Well, that's great, but will it convince anyone not already convinced about global warming? "There still could be people in the middle," says sociologist Riley Dunlap of Oklahoma State University in Stillwater, who has looked at the political battle over climate and public perceptions going back to the 1980s.

He says that a strategy of "tarnishing as industry shills" opponents of climate science who are funded by corporate think tanks might help convince people otherwise uninvolved.

But is Al Gore the person to deliver that message? "Basically Gore appeals to liberal academic type people, like me," says science writer Chris Mooney, author of The Republican War on Science. "I don't think he is going to do anything but stoke the liberal (political) base." For conservative voters, in contrast, Gore serves as a club to attack opponents with, as Republican presidential contenders Mitt Romney and Ron Paul have demonstrated this month in attacks on their rival, Texas Gov. Rick Perry.

But s omeone, Gore suggests, has to inject some doubt into the convictions of climate naysayers, the 15% of mostly conservative folks in the Stanford poll who say climate change "isn't happening."

Last year's Citizens United Supreme Court decision, he notes, allowed corportate funding to flow freely to political campaigns. "What politicians hear is we'll give you this money if you join in denying the science of global warming," Gore says. "Otherwise, we'll go give this money in your primary election to someone else."

Gore points to former Rep. Bob Inglis, R.-S.C., who called for cutting subsidies on fossil fuels and shifting taxes to help tackle global warming and lost his 2010 primary battle, as a victim of these politics.

Asked about all this, Inglis says his votes against the troop surge in Afghanistan and the 2008 "bailout" of the U.S. financial system also hurt him. "But I commited the ultimate heresy by talking about climate," he says. "It certainly was a big factor."

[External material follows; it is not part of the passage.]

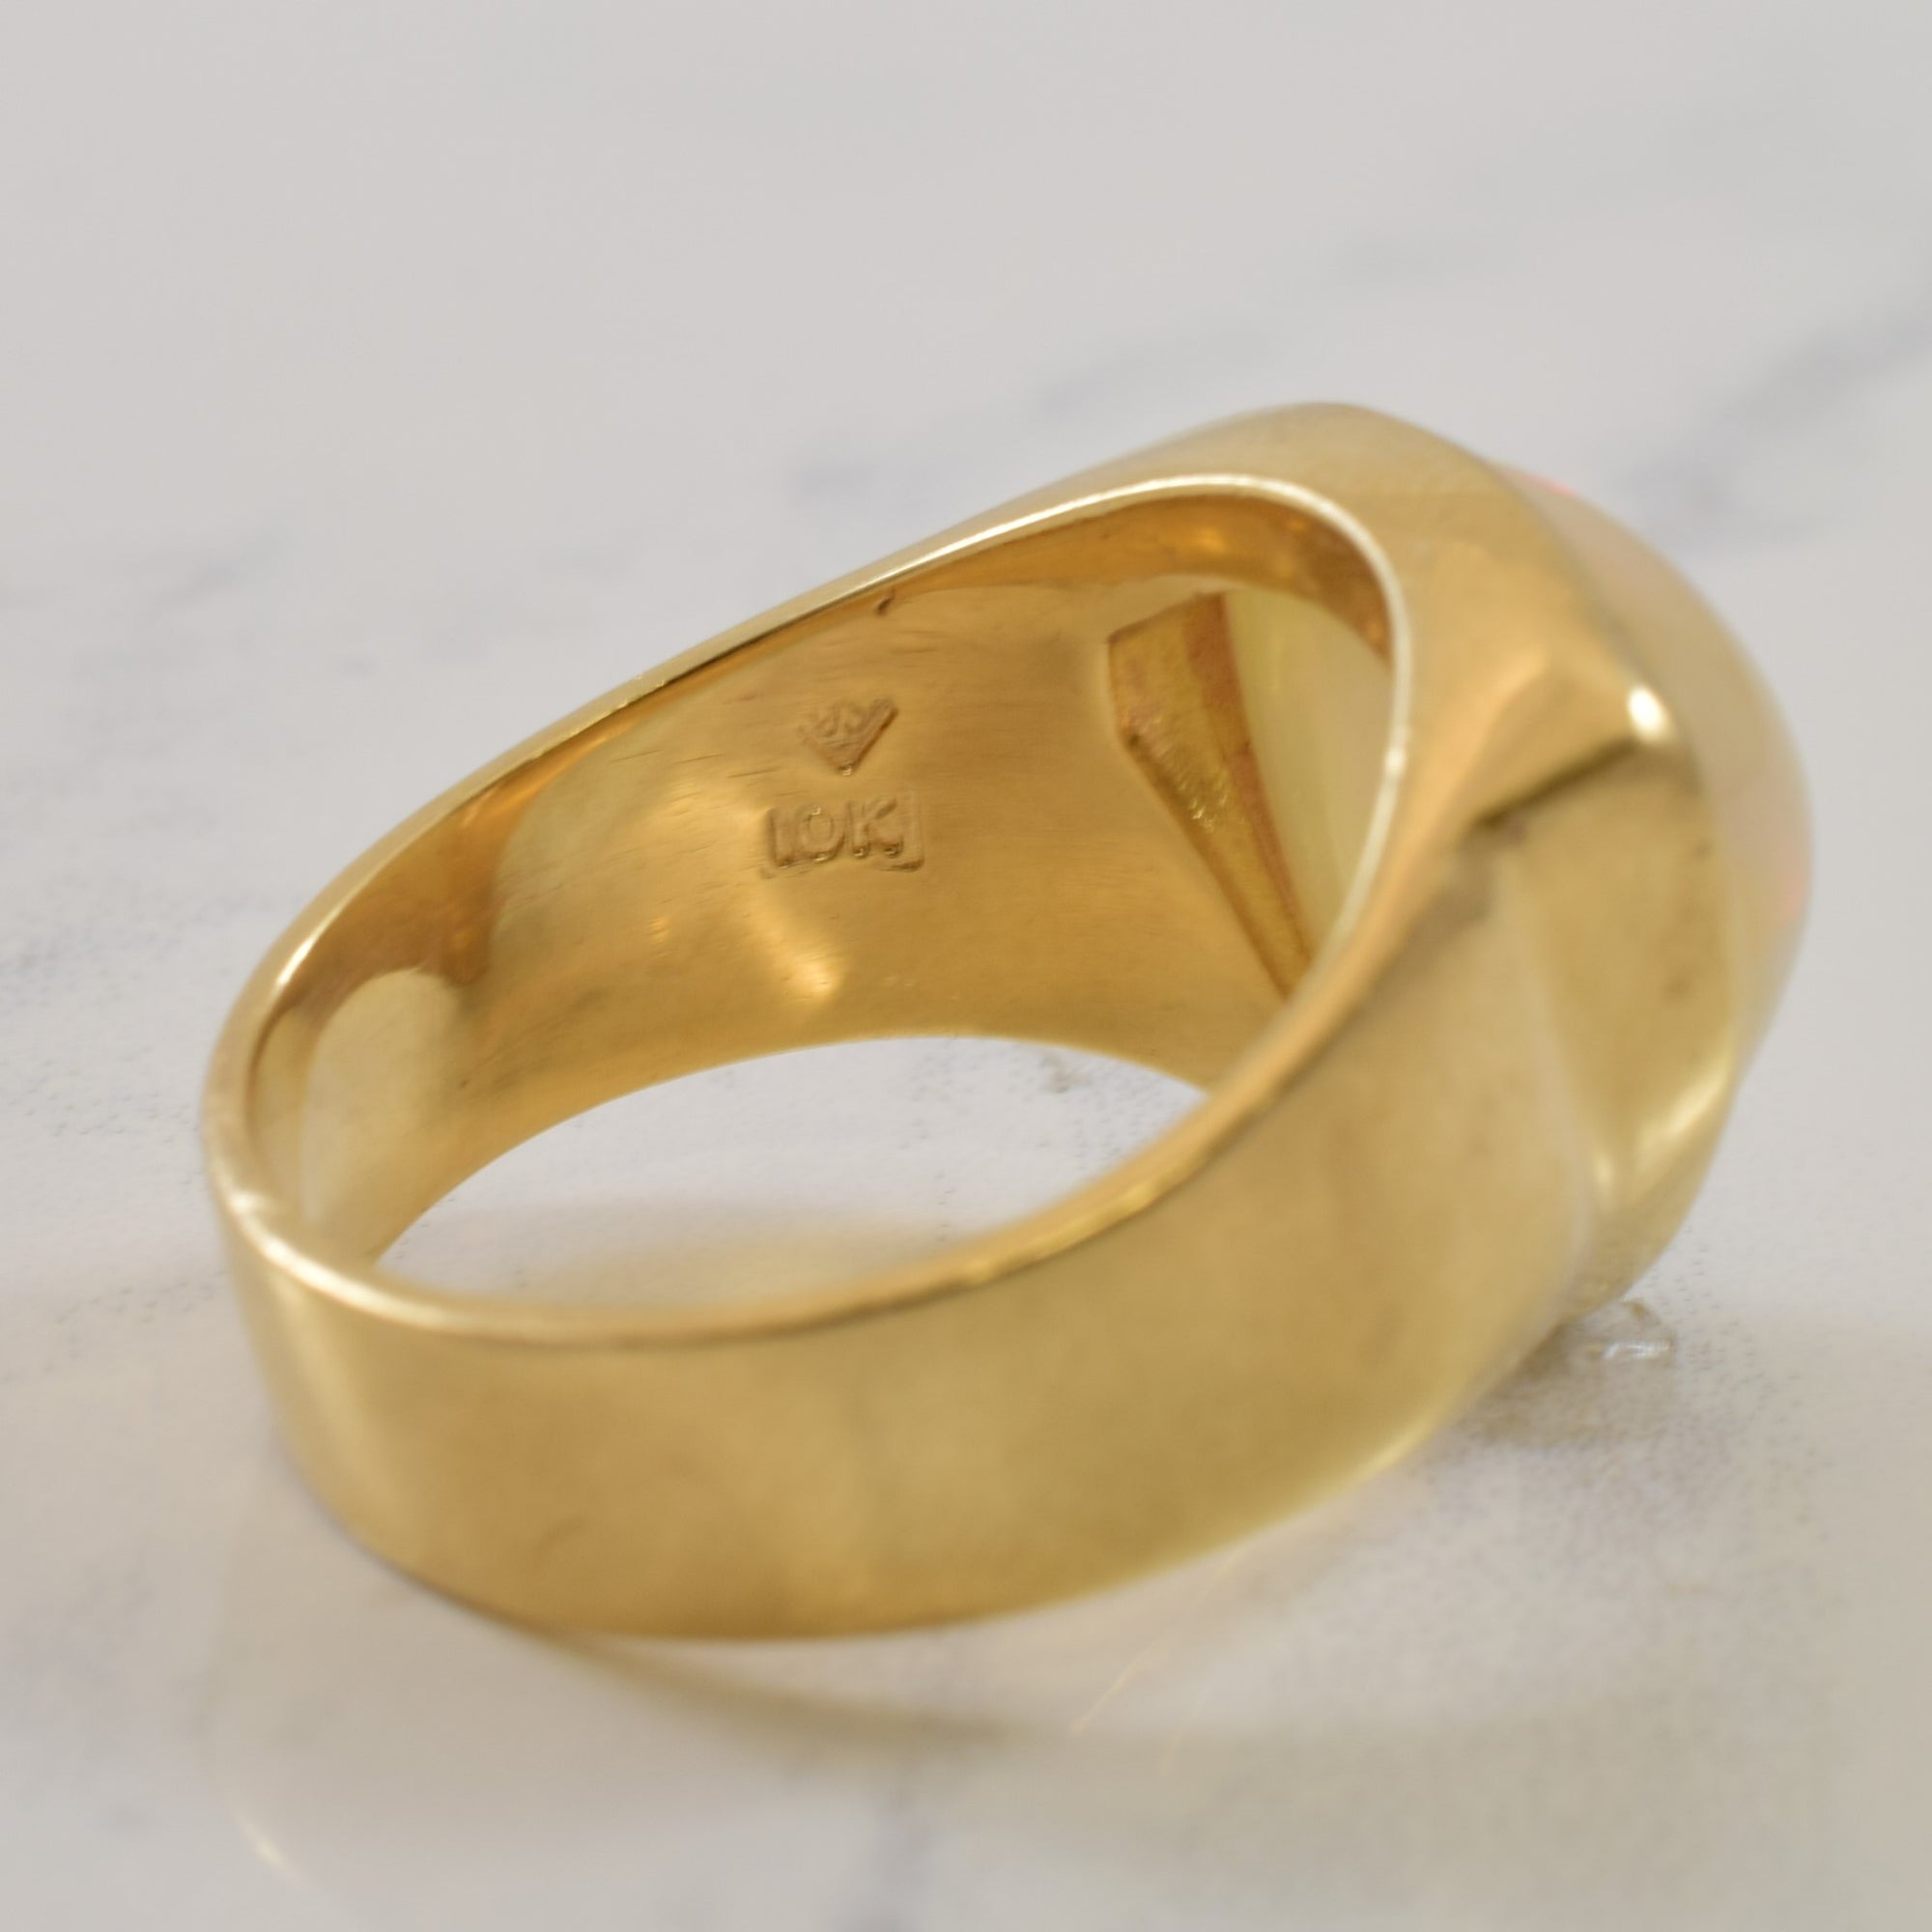 Trillion Cabochon Opal Ring | 6.00ct | SZ 8.5 |

Conservative politicians, Inglis adds, might understand the "no such thing as a free lunch" argument that he and Reagan Administration economist Arthur Laffer have made that subsidies to the oil and coal industry distort the real market for energy in the country. An Energy Policy journal study last year found the U.S. military policing the Persian Gulf's oil lanes cost the country $6.8 trillion from 1976 to 2007, for example. "But they look out a window at a hypothetical primary voter and think, 'that's a hard sell' right now," Inglis says.

Actually, Gore trying to change public opinion over climate change puts the political cart in front of the horse, says sociologist Robert Brulle of Drexel University in Philadelphia. "People are busy, if Rush (Limbaugh) tells them it's crap, it probably is and that's good enough for them," he says. "All the research suggests that what really changes people's views are their opinion leaders saying something."

The political divide between Republican and Democrats on environmental issues is simply a long-growing four-decade fact of American life, Brulle adds. "This is really all about political power ." Until unexpected voices start venting different views, Brulle doesn't see climate politics changing.